La restitución del nieto 114, Ignacio Hurban (Guido Montoya Carlotto), pone en evidencia un vínculo esencial para la recuperación de la identidad: el de las Abuelas con la ciencia. Aquí, una breve historia sobre cómo se estableció el índice de abuelidad
Laura Carlotto parió engrillada y encapuchada. Estuvo cinco horas con su bebé. Antes de que se lo robaran, le susurró al oído: "Guido, como tu abuelo". Entonces la durmieron, la trasladaron y la mataron de espaldas. Treinta y seis años después, Estela de Carlotto se sentó en conferencia de prensa, miró de frente y anunció satisfecha: "Se cumplió lo que dijimos: ellos nos van a buscar".
Los genes y la cultura separaban a Ignacio Hurban de sus padres adoptivos.
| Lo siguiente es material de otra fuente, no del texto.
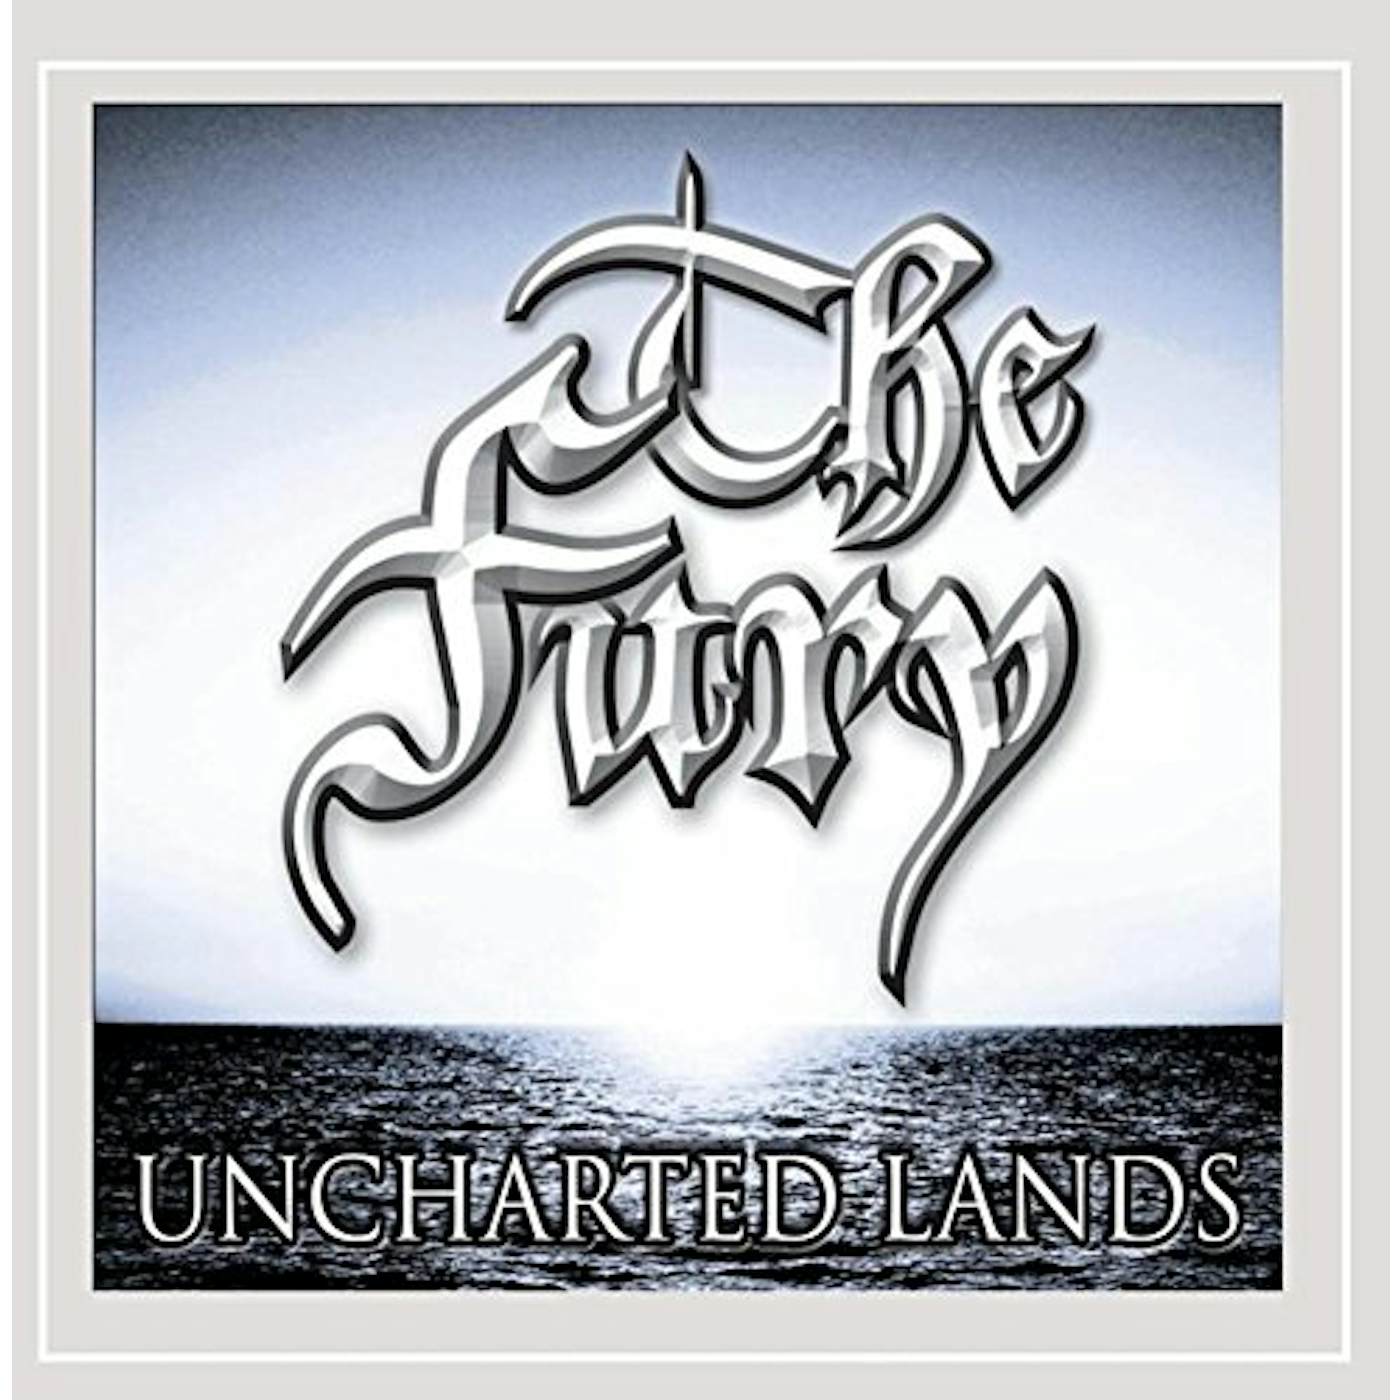 Fury UNCHARTED LANDS CD

Cuando la duda se volvió insoportable, mandó un mail a las Abuelas de Plaza de Mayo. Se hizo los análisis y la sangre lo confirmó: era el nieto 114. Era Guido Montoya Carlotto. Él había buscado; la ciencia lo había encontrado.
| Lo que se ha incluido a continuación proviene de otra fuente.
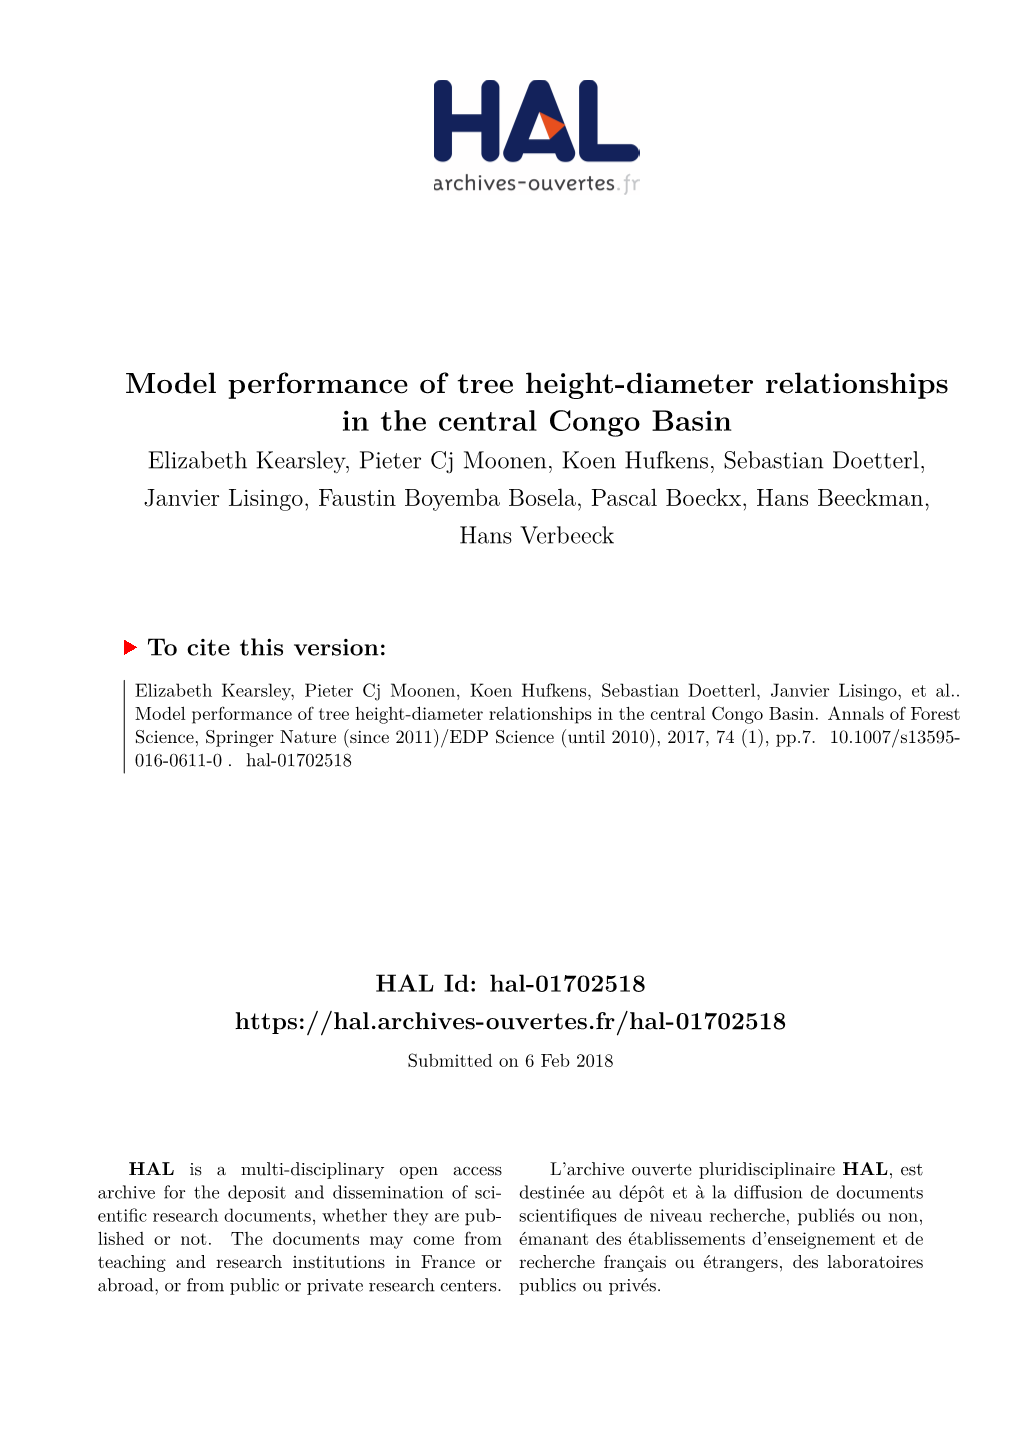 Model Performance of Tree Height-Diameter Relationships in The

Muchos años antes, las Abuelas habían entendido que sus hijos no volverían, que había que buscar a los nietos. Se escondían a la salida de las escuelas y se disfrazaban de enfermeras en los hospitales. Tomaban el té en Las Violetas y se exponían al desprecio en las comisarías. Se esperanzaban y se derrumbaban. Predicaban en el desierto: los diarios les cerraban la puerta, los jueces las echaban del despacho. La Argentina era un lugar claustrofóbico, así que salieron al mundo para buscar ayuda. Denunciaban las desapariciones y el robo de bebés, pero también pensaban en cómo saltar el eslabón perdido –sus hijos– para encontrar a sus nietos cuando volviera la democracia. Científicos de Francia, España, Italia y Suecia les dijeron que era imposible: las identificaciones se hacían con pruebas de paternidad.
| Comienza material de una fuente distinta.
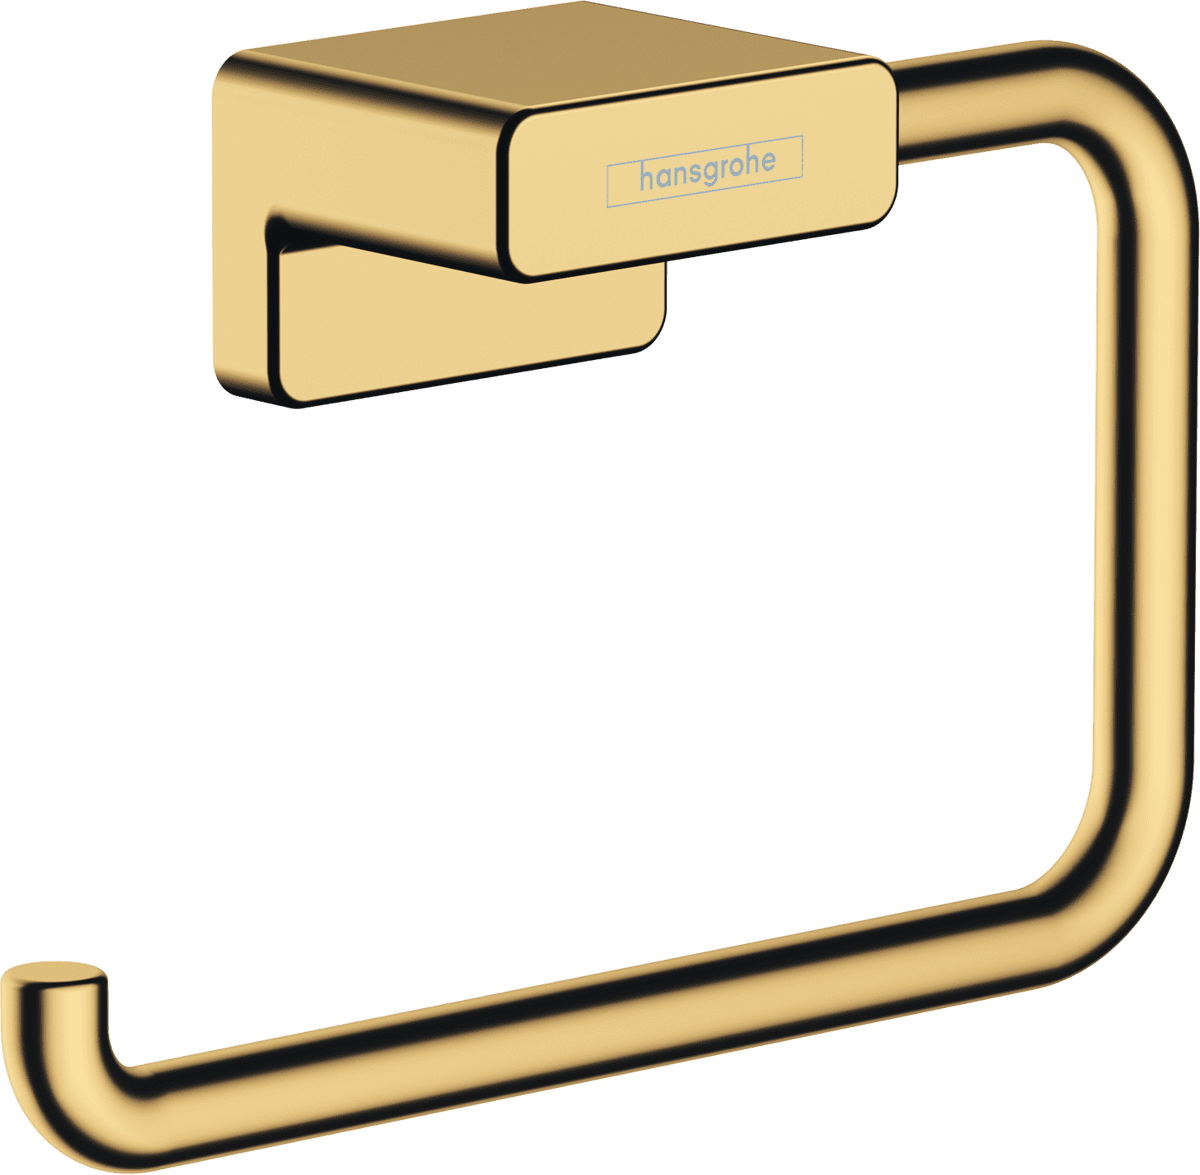 Picture of HANSGROHE AddStoris Toilet paper holder #41771990 - Polished Gold Optic

En 1982, cuando Chicha Mariani (primera presidenta de Abuelas) y Estela (su vice) llegaron a Nueva York para contar lo que pasaba en la ONU, Víctor Penchaszadeh se reunió con ellas en un hotel de la Avenida Lexington. El genetista exiliado, que había soñado con el Hospital de Niños en el Sheraton Hotel, escuchó el pedido. Ansioso por invertir la carga de una ciencia asociada al nazismo de probeta, les contestó que sí. Reunió a sus colegas de la Universidad de Berkeley con Fred Allen –del Blood Center de Nueva York– y con un equipo de estadísticos, epidemiólogos y matemáticos, coordinados por la genetista Mary-Claire King, y se cargó el desafío: determinar la filiación de un niño con la sangre de sus abuelos. En 1983 les dijeron a Chicha y Estela: "Sí, es posible. Y sí, es infalible".El "índice de abuelidad" se armó primero para los cuatro abuelos, después para tres, después para familiares menos directos. Terminaba la dictadura y empezaban los ensayos en el país.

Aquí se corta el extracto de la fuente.